The compounding agency at the center of the meningitis outbreak that has so far killed 23 people and sickened almost 300, was found to have problems with contamination control back in 2006. At that time, The Massachusetts Board of Registration in Pharmacy investigated the NECC and found that there was inadequate contamination control. Also, they found that there were no written standard operating procedures for the equipment. Other specifics of the investigation include:
- Insufficient documentation detailed that proper sterilization procedures had been followed
- Uncovered and unlabeled containers, which could result in sterilization problems
- A large hole in the ceiling above a workbench, which could also result in sterilization problems
- Grimy residue on the outside of several pieces of equipment
The pharmacy allegedly addressed these issues, and though they were supposed to be on probation for a year, the probation was stayed. At the time, there were already complaints about the same steroid that resulted in the meningitis outbreak, but all issues relating to the steroid were resolved.
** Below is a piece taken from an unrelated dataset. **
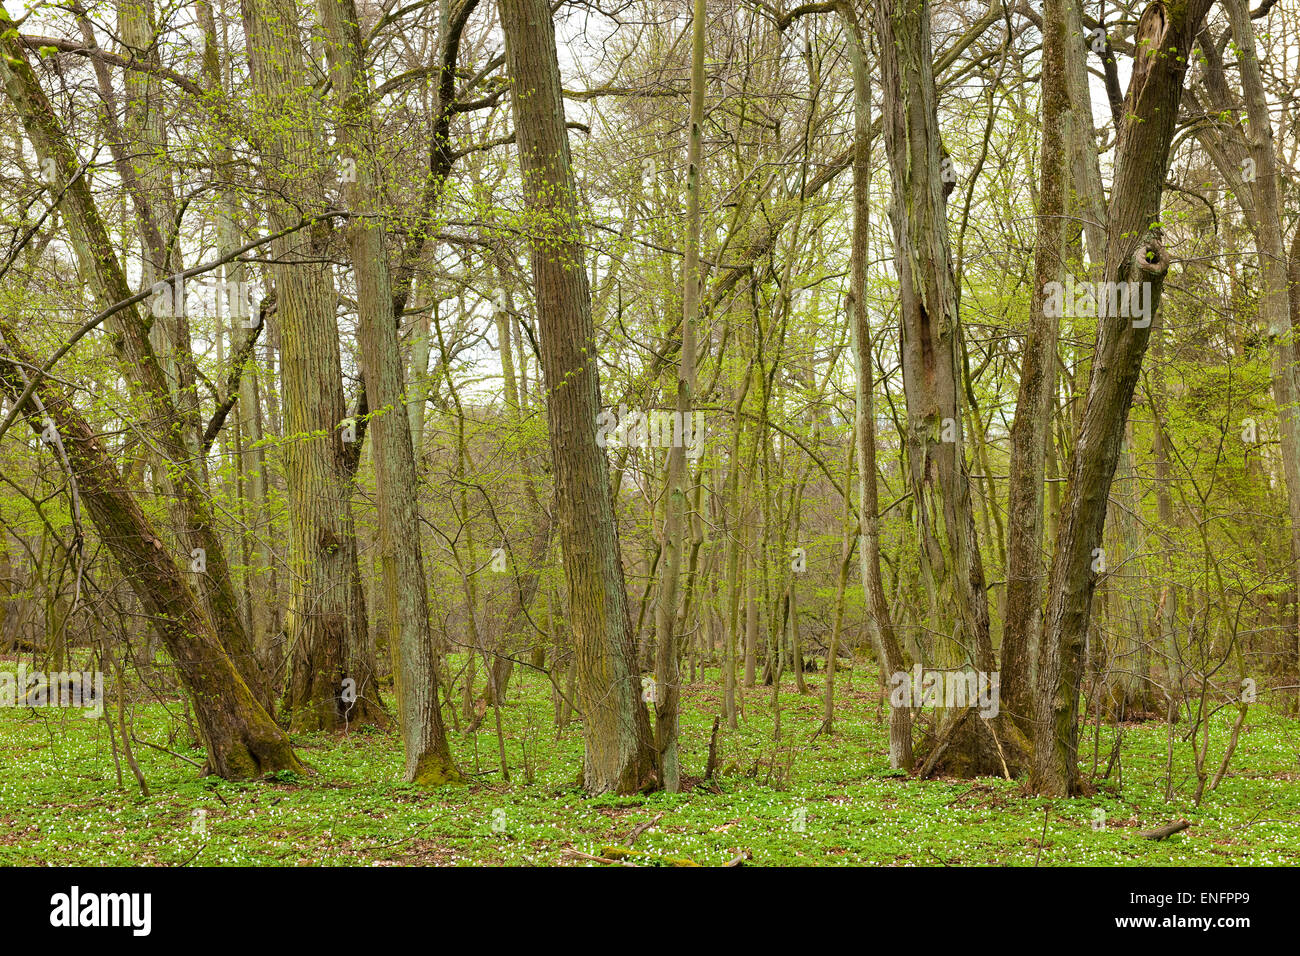 Plus grande forêt de chaux à petites feuilles en Europe centrale (Tilia cordata), Colbitzer Lindenwald réserve naturelle, Saxe-Anhalt, Allemagne Banque D'Images

The company even got a warning letter from the FDA in December of 2006, after all of the above occurred, because of contamination concerns.
Time and time again we see the same results from the FDA, whether it is with warnings it sends out to pharmaceutical companies, or in this case warnings it has sent out to a compounding pharmacy. Warning letters are a fine starting point, but when the issue was clearly brought to the FDA’s attention, why was no further action taken to ensure that the contamination did not result in a deadly meningitis outbreak?